Page MenuHomePhabricator

Archive /home/ezachte data on stat1007
Open, MediumPublic

Description

/home/ezachte on stat1007 is 687G. Most of that is in

128G	./wikistats_backup
557G	./wikistats_data

Assuming this data isn't updated or rsynced to stats.wikimedia.org anymore, can we either delete or archive it in HDFS?

Related Objects

StatusAssignedTask
OpenNone
OpenNone

Event Timeline

Ottomata created this task.Nov 13 2019, 6:46 PM
Restricted Application added a subscriber: Aklapper. · View Herald TranscriptNov 13 2019, 6:46 PM
Ottomata renamed this task from Archive /home/ezacthe data on stat1007 to Archive /home/ezachte data on stat1007.Nov 14 2019, 6:25 PM
fdans triaged this task as Medium priority.Nov 14 2019, 6:33 PM
fdans moved this task from Incoming to Operational Excellence on the Analytics board.
fdans added a subscriber: fdans.

Let's archive this in HDFS

I have just reapplied for server access with John Bond
I was supposed to add the new public key myself at https://phabricator.wikimedia.org/T215790, but I can't even view that ticket as Erik_Zachte (ezachte).
Once I'm back online I will review the folders mentioned here, and comment.
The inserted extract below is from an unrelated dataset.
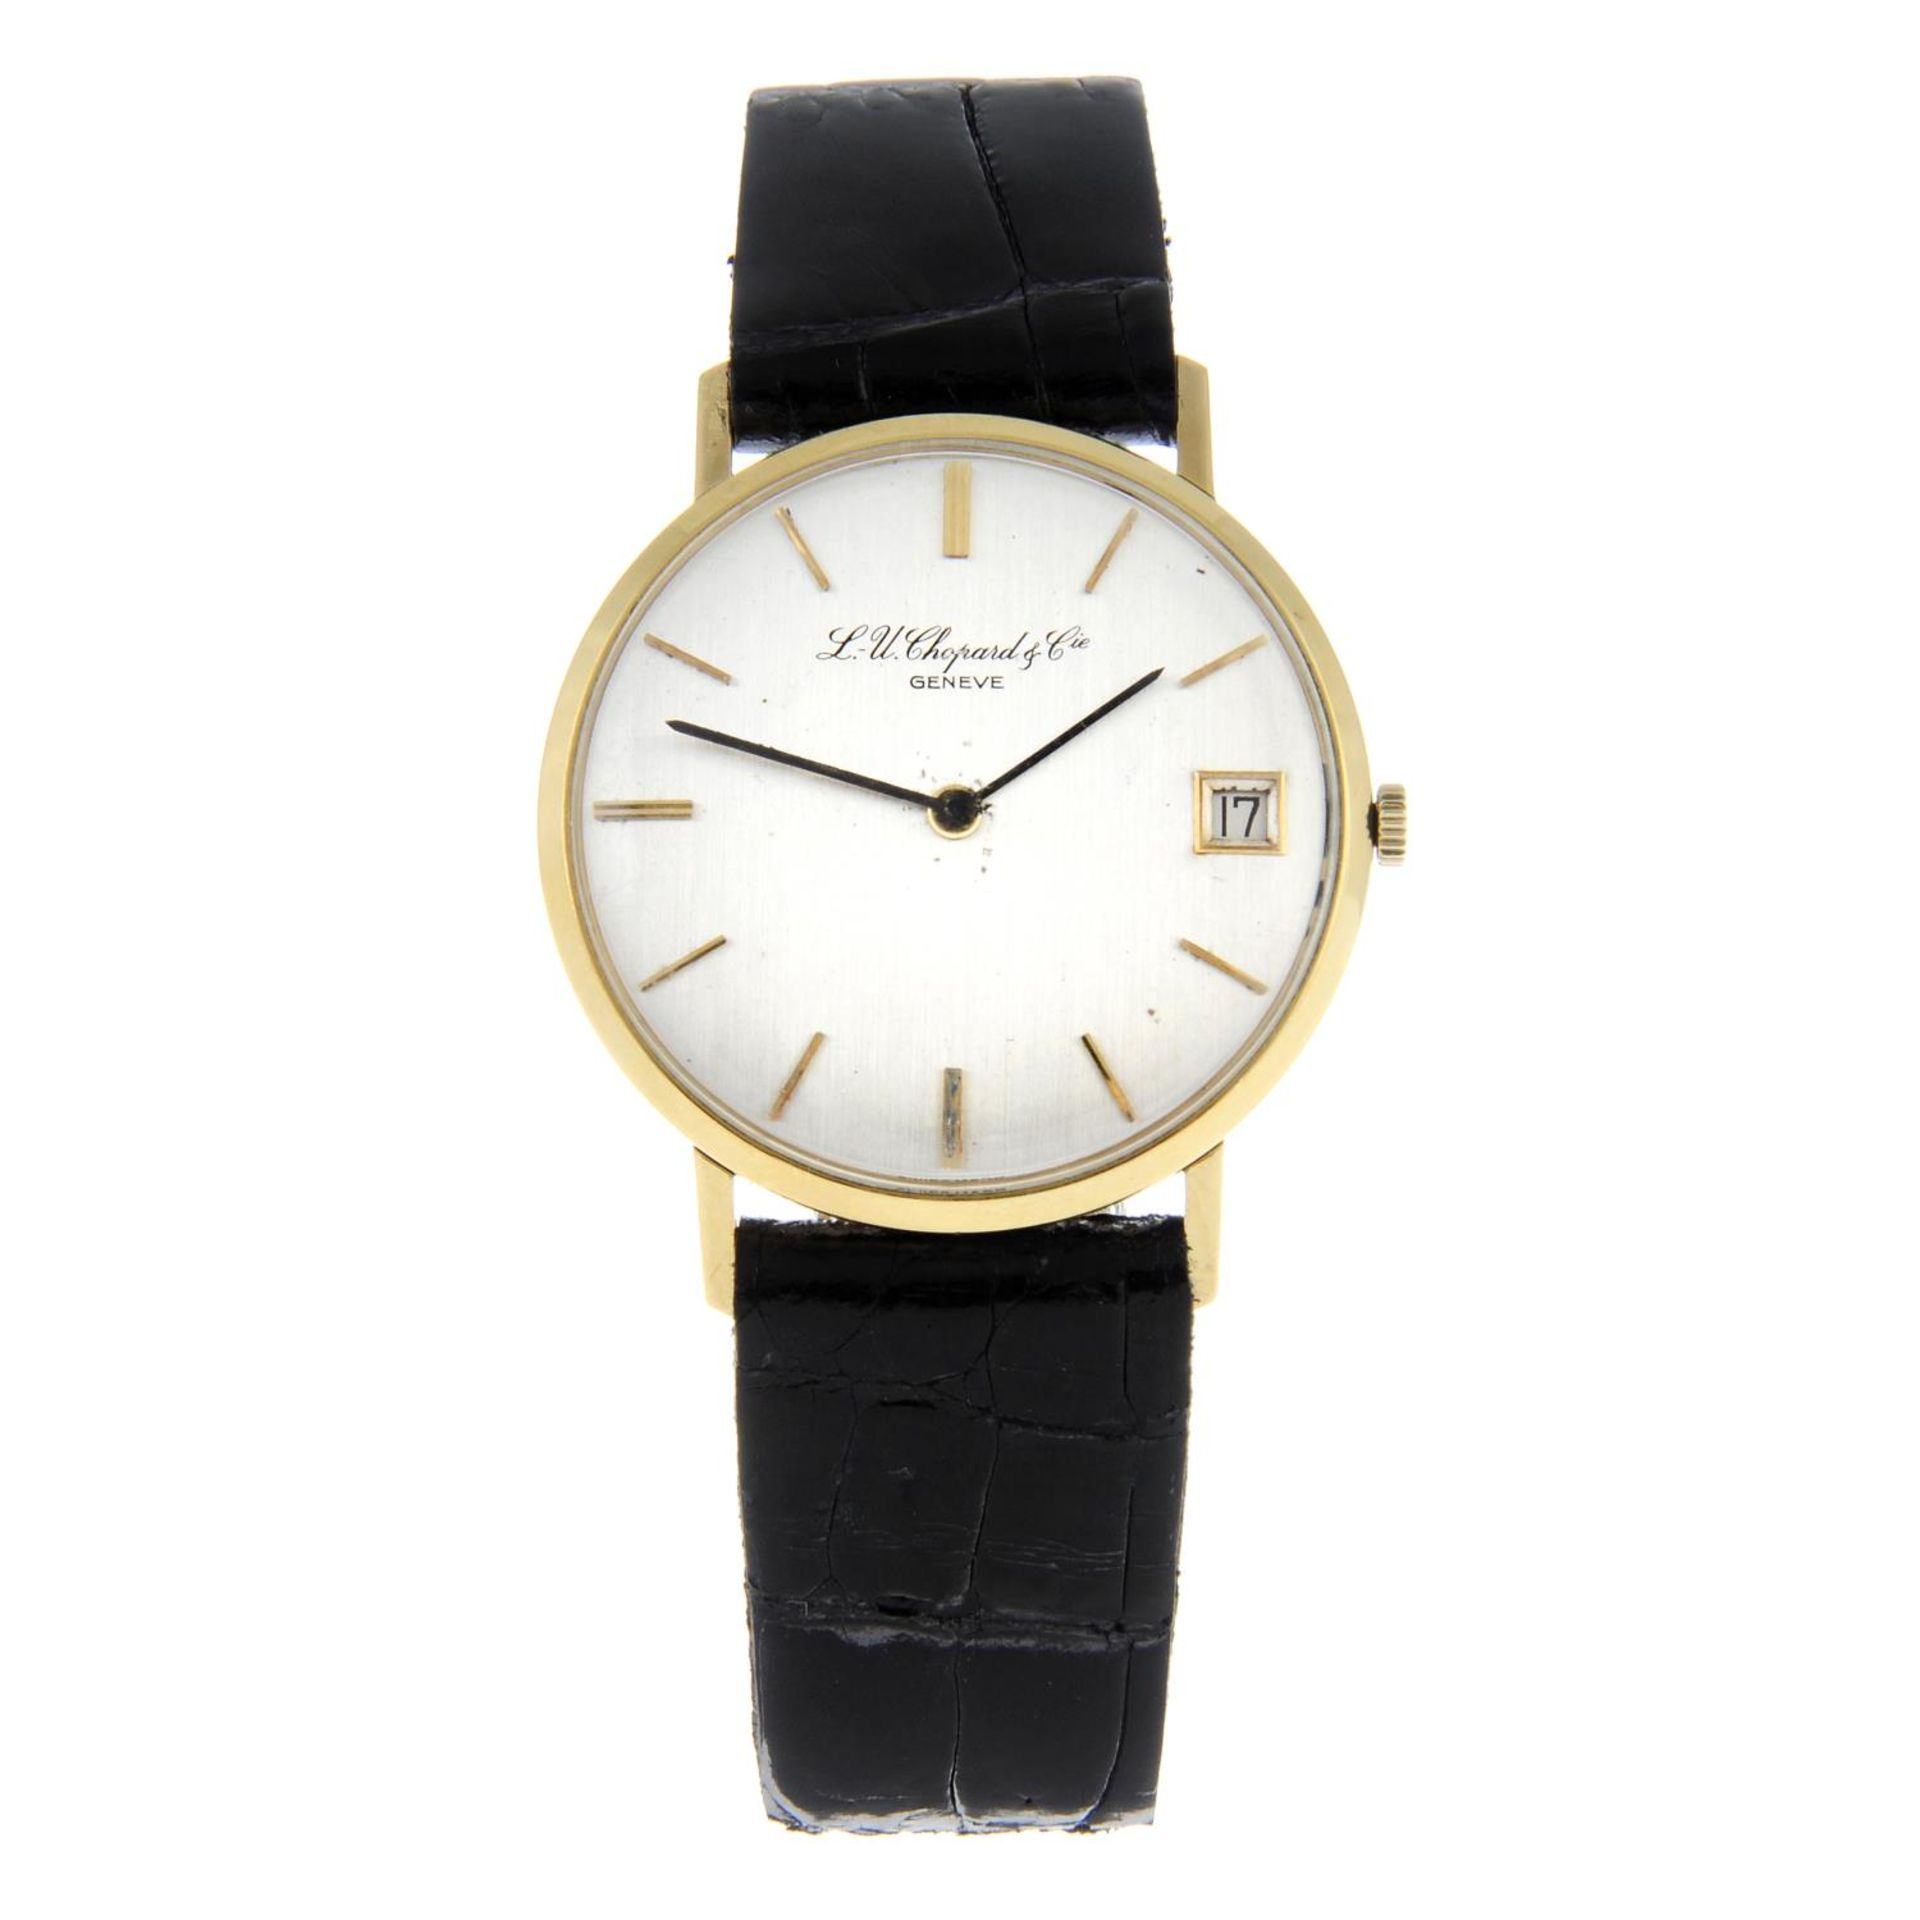 CHOPARD - a wrist watch.

This took a while, as I was totally focused on OpenStreetMap this summer (doing field surveys). :-)

Ah hi Erik! Ok thank you!

@Erik_Zachte Hi! Gentle ping to see if you have time to review the files during the next days :)

@elukey Hi! I'll get to this in coming days. Thanks for your patience.

So I looked first into the cron processes that are still enabled on home/ezachte. There are two.

One is running fine (compressing page view counts into daily/monthly zips for 3rd parties).

The other one is running fine up to the rsync step which fails, so this one hasn't been published after March 26.
See e.g. https://stats.wikimedia.org/EN/TablesPageViewsMonthlyCombined.htm

I copied a small part of the bash file to home/ezachte/wikistats/dammit.lt/bash/test_rsync.sh

Sun Dec 15 12:29:53 UTC 2019
+ cd /home/ezachte/wikistats/dumps/perl
+ rsync -av -ipv4 /home/ezachte/wikistats_data/dumps/out/out_wp/EN/TablesPageViewsMonthly.htm /home/ezachte/wikistats_data/dumps/out/out_wp/EN/TablesPageViewsMonthlyAllProjects.htm /home/ezachte/wikistats_data/dumps/out/out_wp/EN/TablesPageViewsMonthlyAllProjectsOriginal.htm /home/ezachte/wikistats_data/dumps/out/out_wp/EN/TablesPageViewsMonthlyCombined.htm /home/ezachte/wikistats_data/dumps/out/out_wp/EN/TablesPageViewsMonthlyMobile.htm /home/ezachte/wikistats_data/dumps/out/out_wp/EN/TablesPageViewsMonthlyOriginal.htm /home/ezachte/wikistats_data/dumps/out/out_wp/EN/TablesPageViewsMonthlyOriginalCombined.htm /home/ezachte/wikistats_data/dumps/out/out_wp/EN/TablesPageViewsMonthlyOriginalMobile.htm thorium.eqiad.wmnet::stats.wikimedia.org/htdocsEN
opening tcp connection to thorium.eqiad.wmnet port 873
sending daemon args: --server -vvlogDtpre.iLsfxC "--log-format=%i" . stats.wikimedia.org/htdocs
EN (5 args)
@Error: Unknown module 'stats.wikimedia.org'
rsync error: error starting client-server protocol (code 5) at main.c(1666) [sender=3.1.2]
+ exit

Any suggestion?